▶ _Aim of the task_: Without the images, write out the whole listing exactly.

▶ _Data excerpt_:
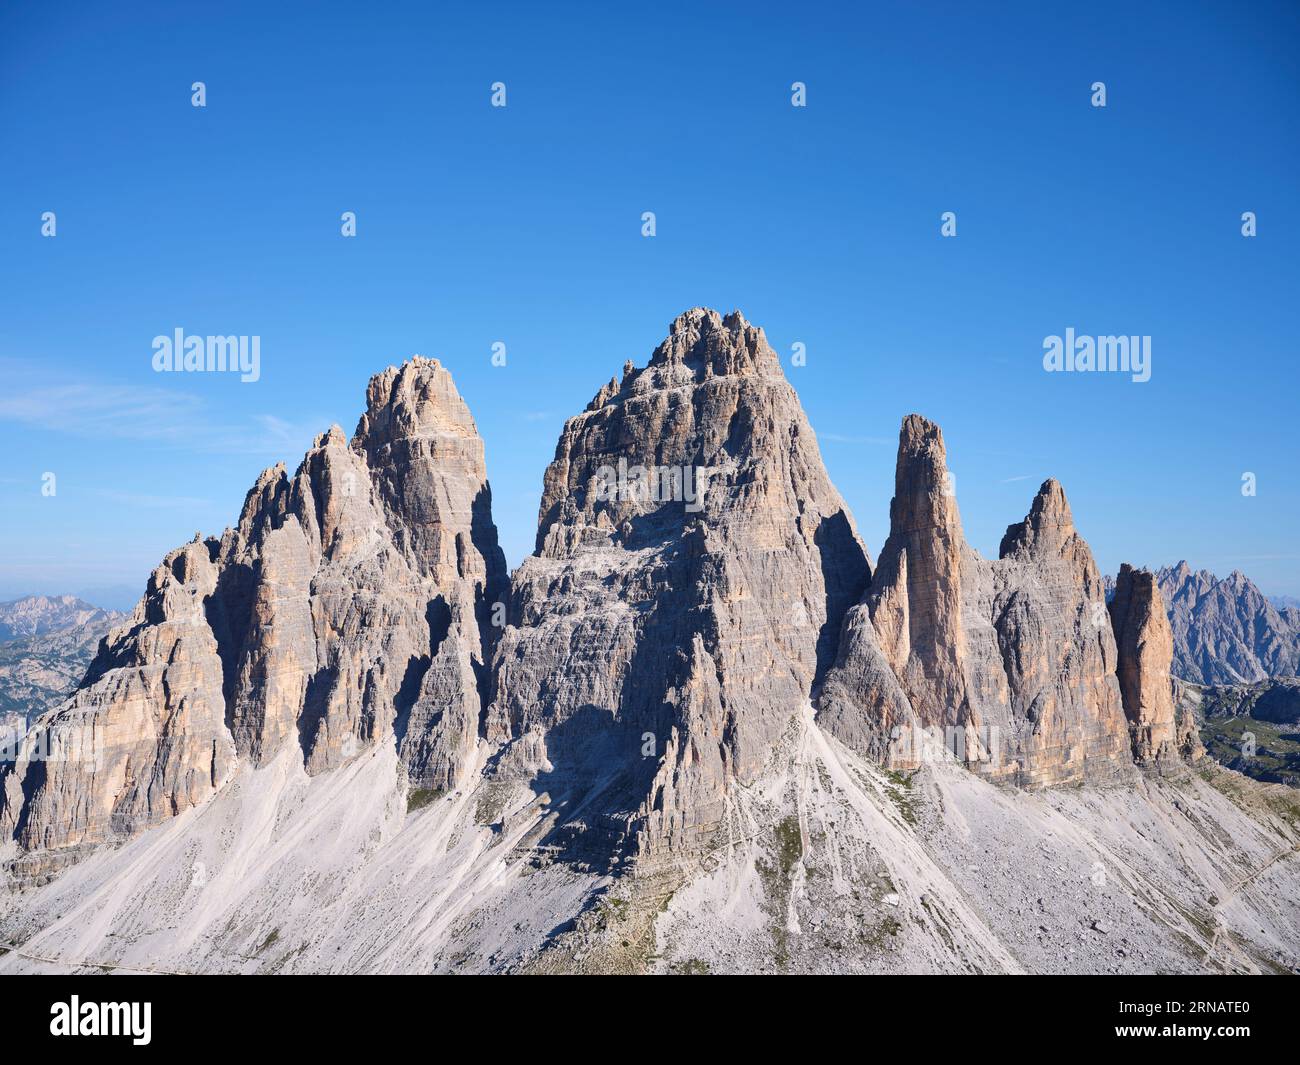 VISTA AEREA. Il lato rivolto a sud delle iconiche tre Cime di Lavaredo (altitudine: 2999 metri). Auronzo di Cadore, provincia di Belluno, Veneto, Italia. Foto Stock
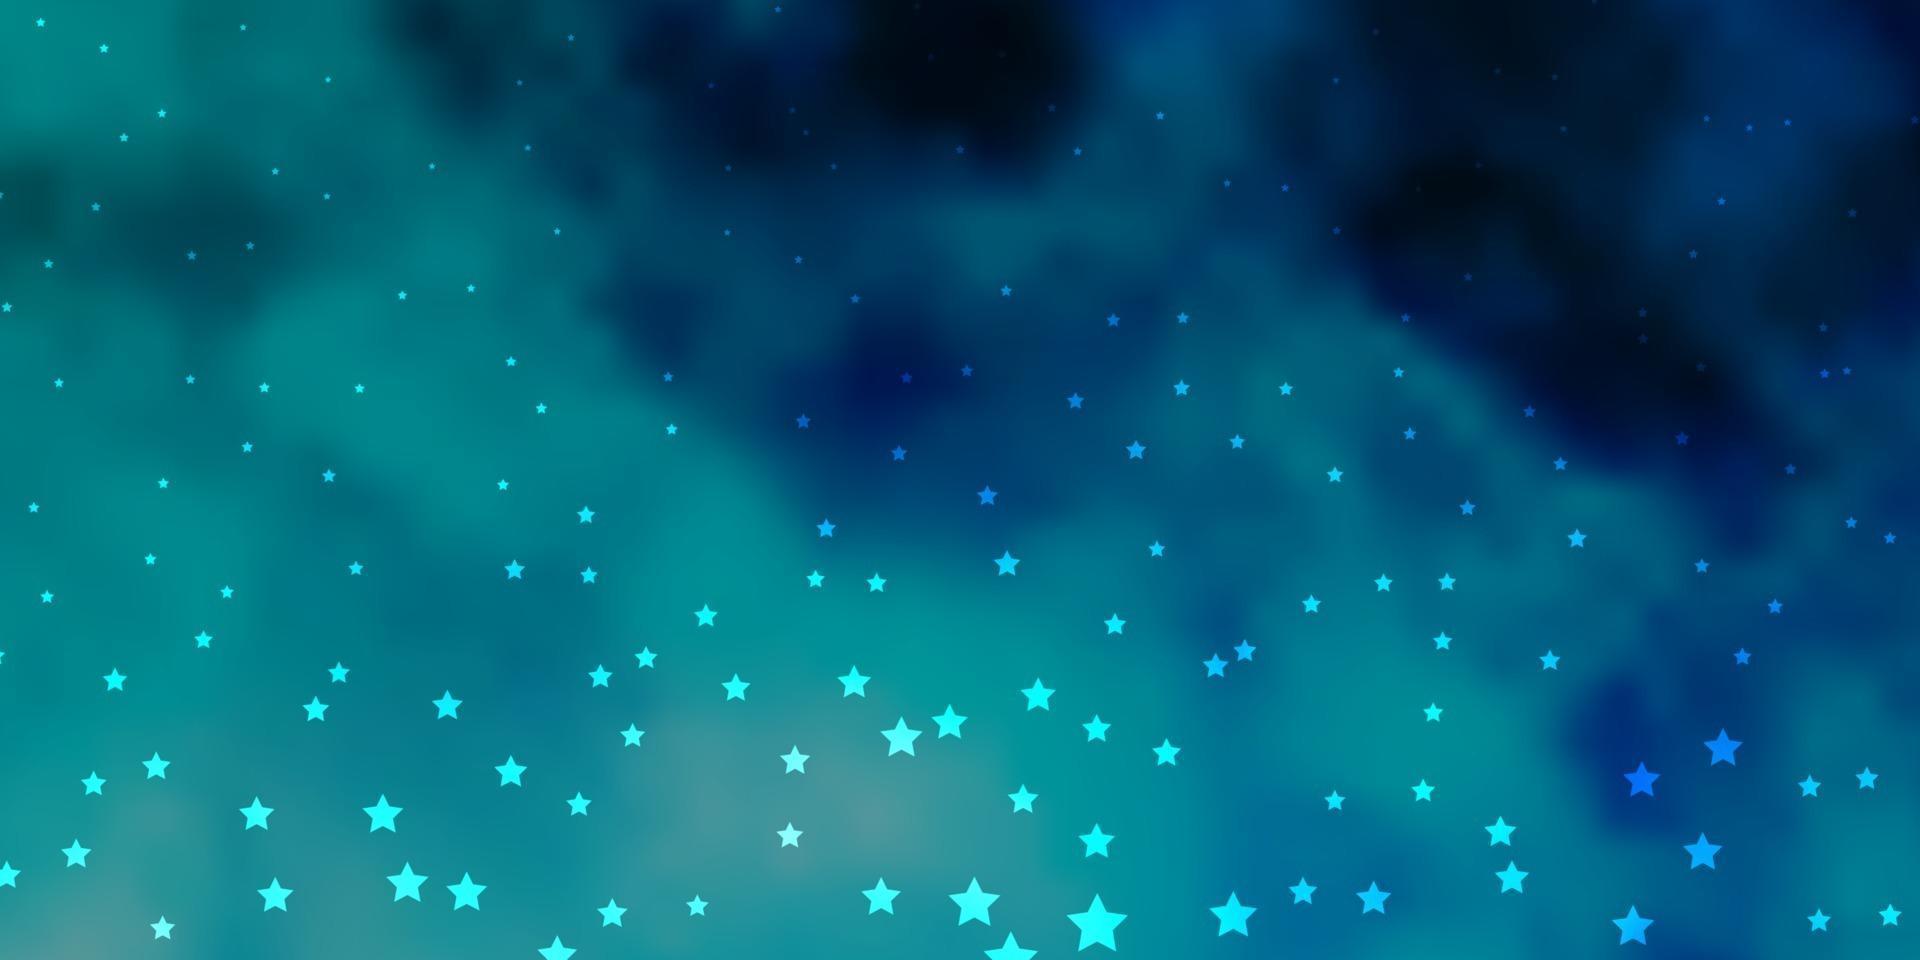 plantilla de vector azul oscuro con estrellas de neón.
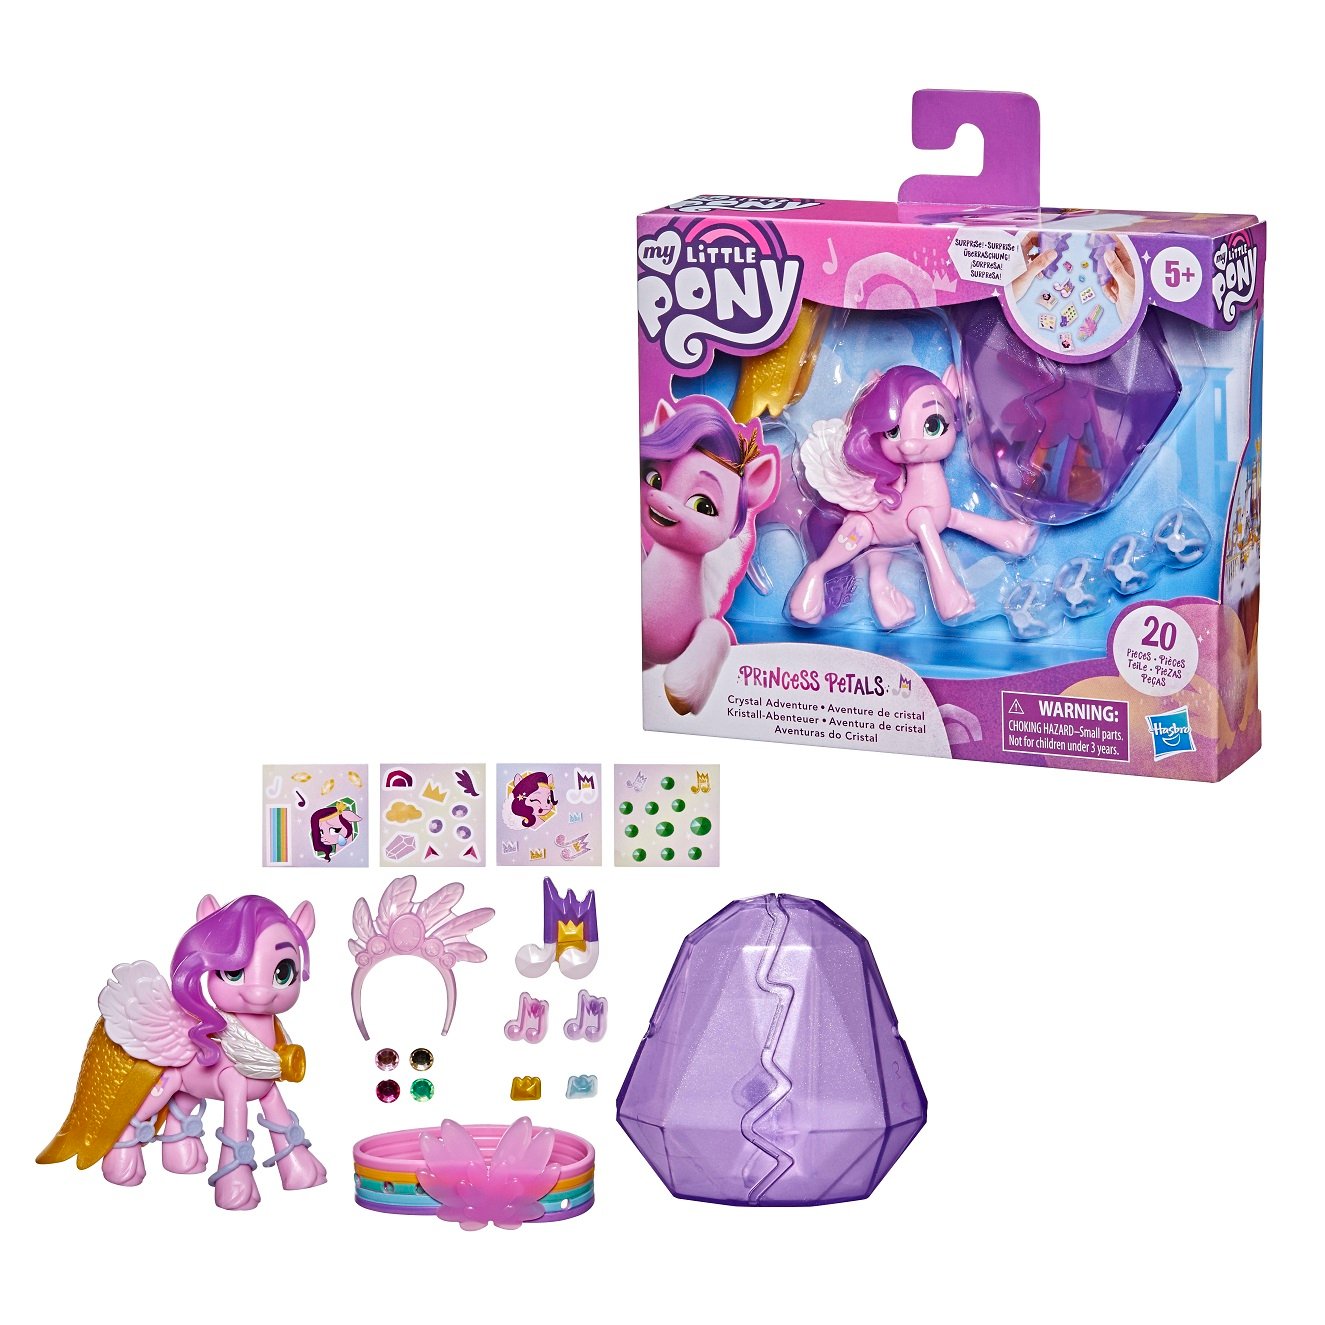 Ігровий набір Hasbro My Little Pony Кришталева Імперія Принцеса Петалс (F2453) - фото 3
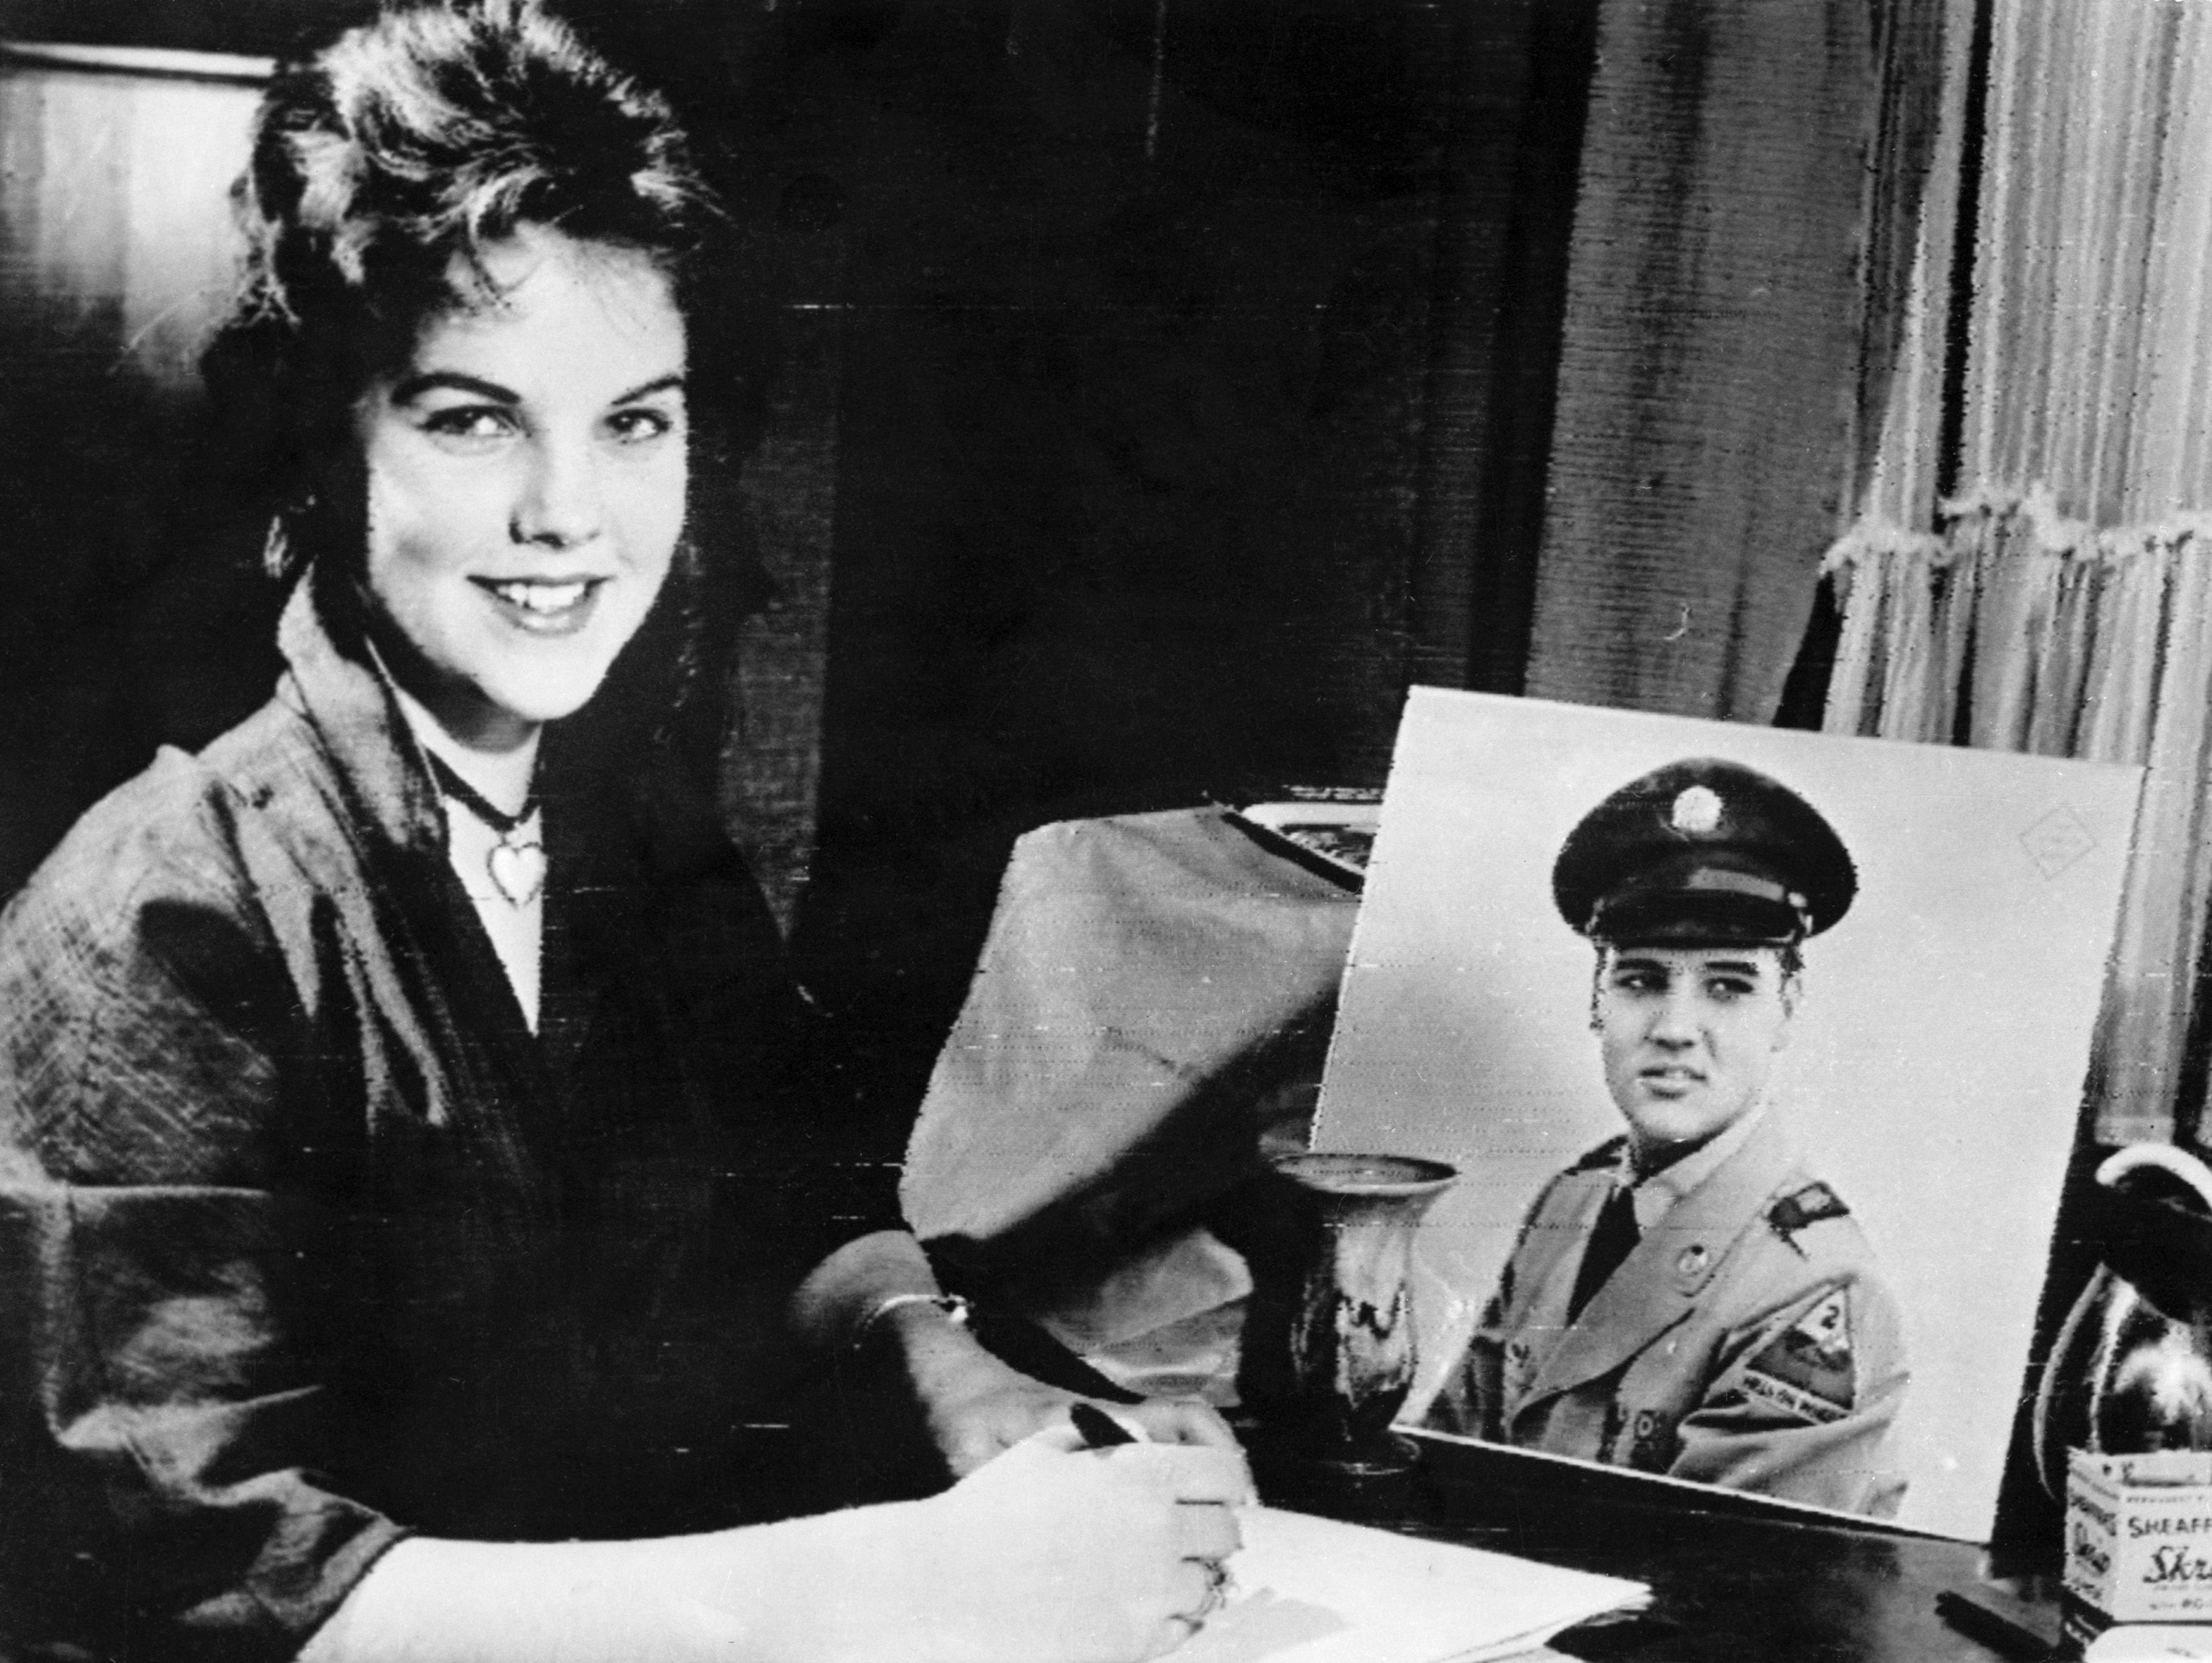 Priscilla Presley with a photo of Elvis Presley

▶ _Response below_:
 VISTA AEREA. Il lato rivolto a sud delle iconiche tre Cime di Lavaredo (altitudine: 2999 metri). Auronzo di Cadore, provincia di Belluno, Veneto, Italia. Foto Stock
 plantilla de vector azul oscuro con estrellas de neón.
 Ігровий набір Hasbro My Little Pony Кришталева Імперія Принцеса Петалс (F2453) - фото 3
 Priscilla Presley with a photo of Elvis Presley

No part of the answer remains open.